The lines in the listing below are to be given again exactly, starting at the line holding "Fendi Reversible Ff" and ending at the line holding "Anatomical Heart Greeting Card". Do not include pictures.

→ **RECORDS SHOWN**:
---------------
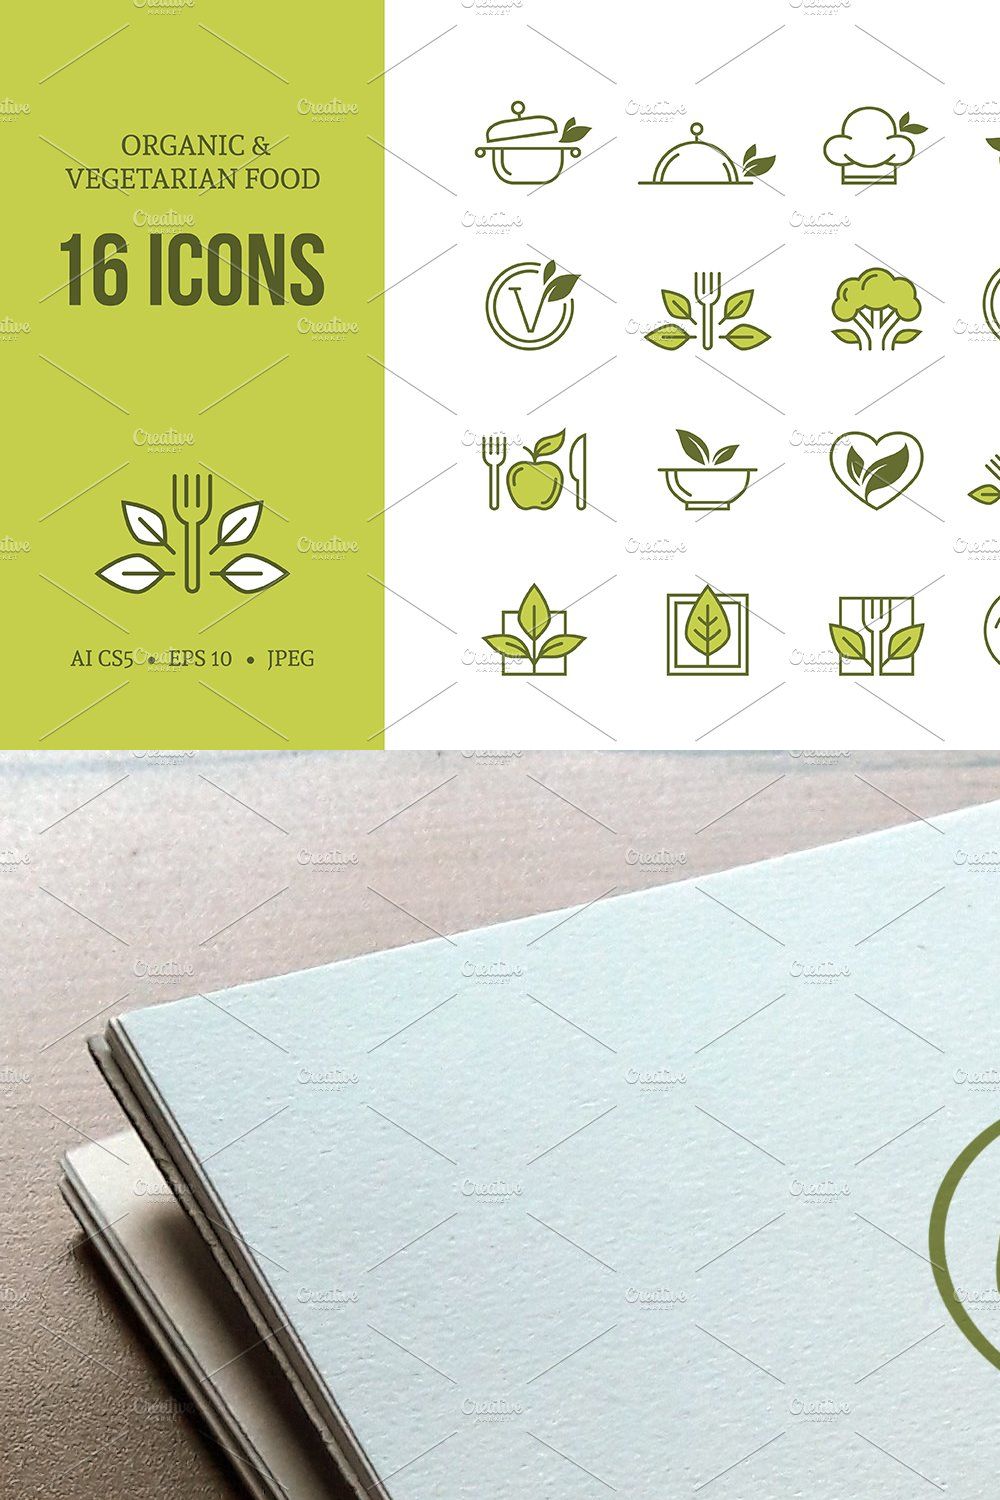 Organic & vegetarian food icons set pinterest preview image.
---------------
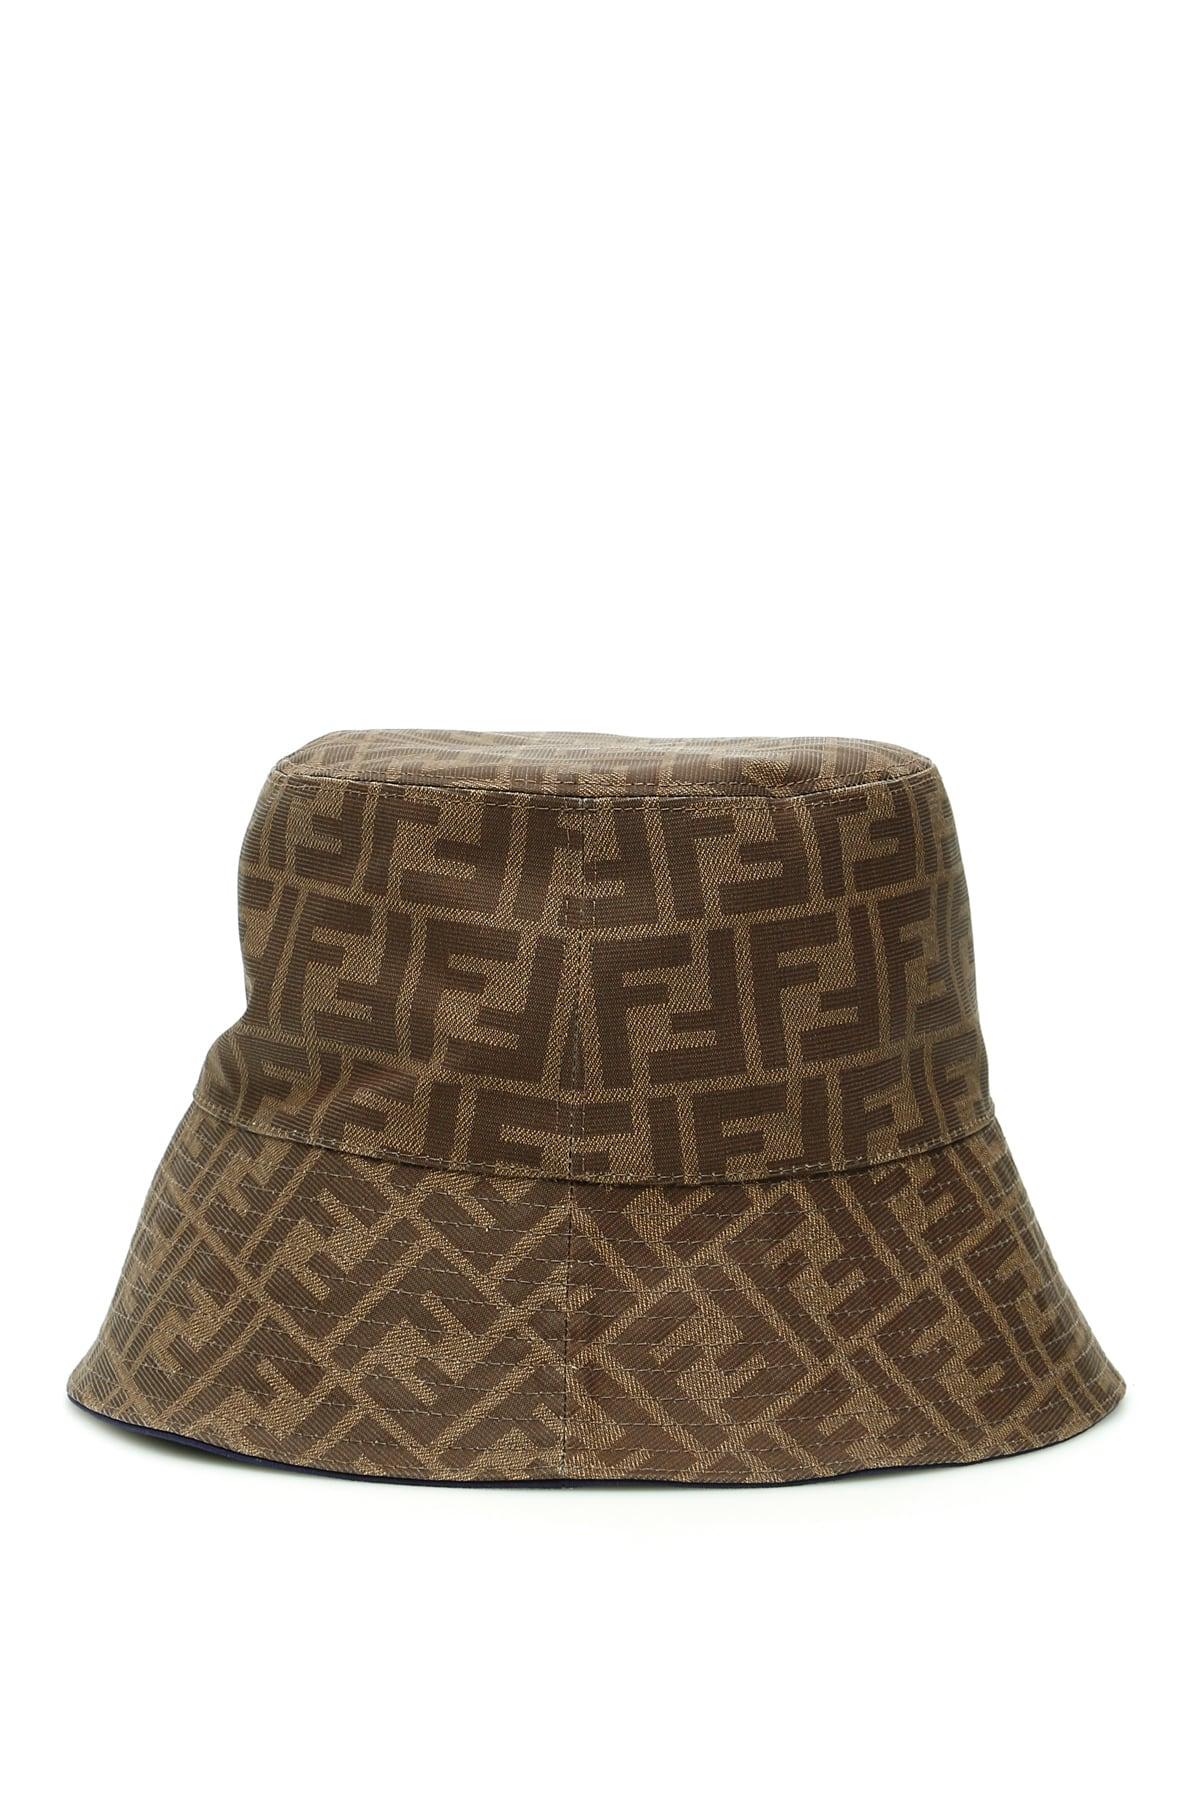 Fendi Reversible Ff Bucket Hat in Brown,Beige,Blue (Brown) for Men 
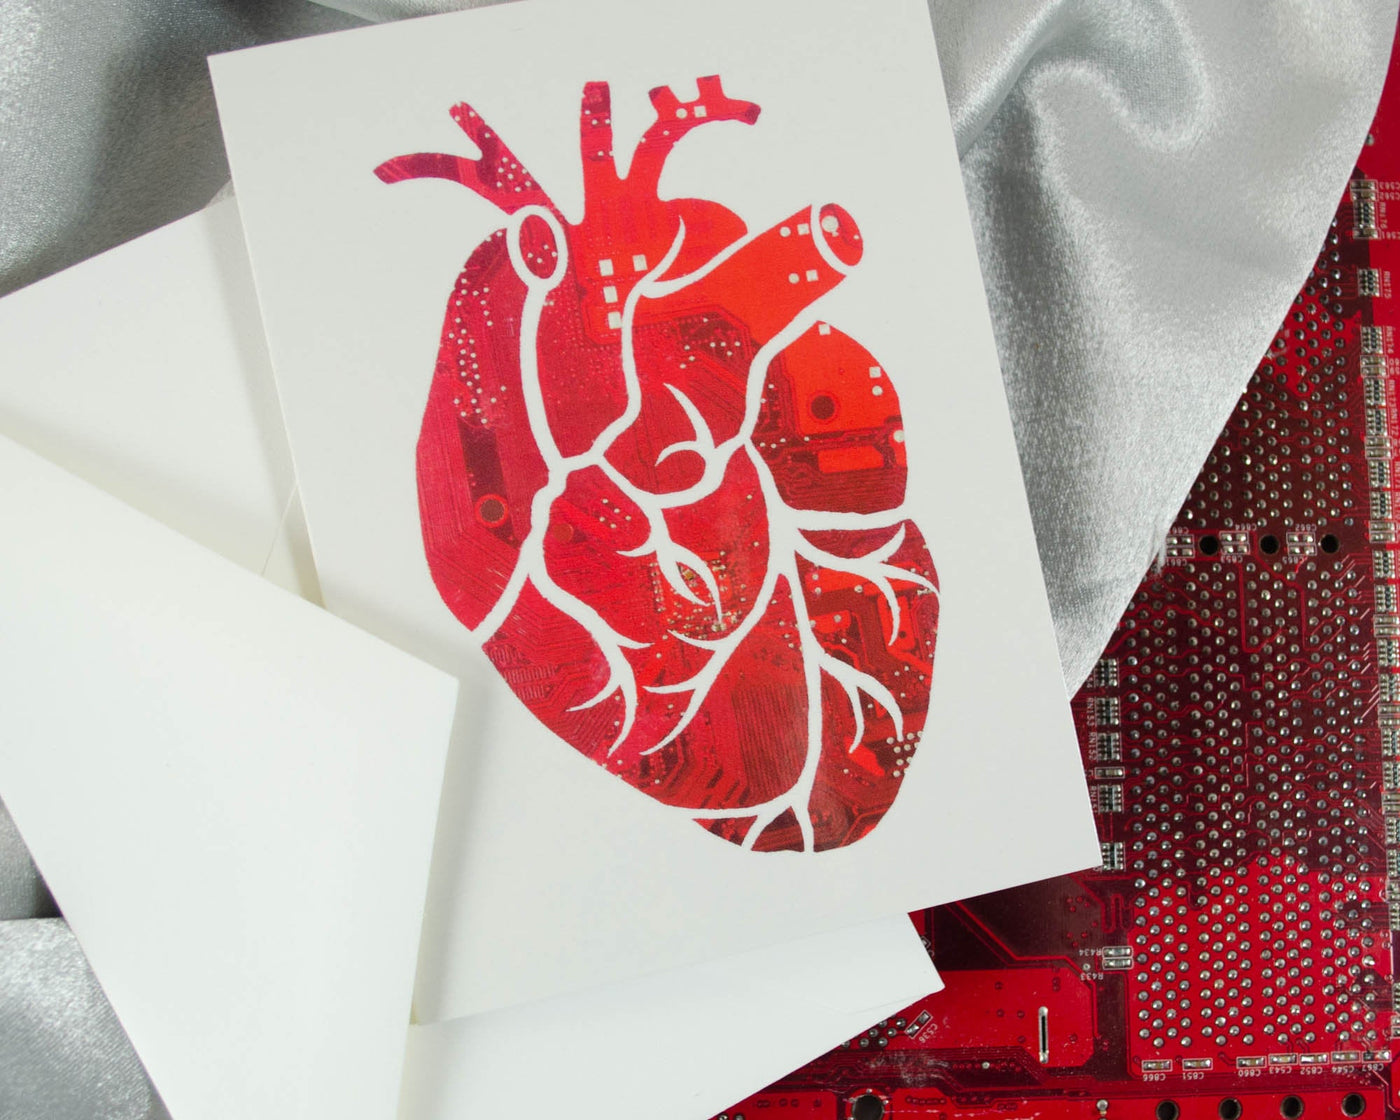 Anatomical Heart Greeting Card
---------------
→ **ANSWER SPACE**:
 Fendi Reversible Ff Bucket Hat in Brown,Beige,Blue (Brown) for Men 
 Anatomical Heart Greeting Card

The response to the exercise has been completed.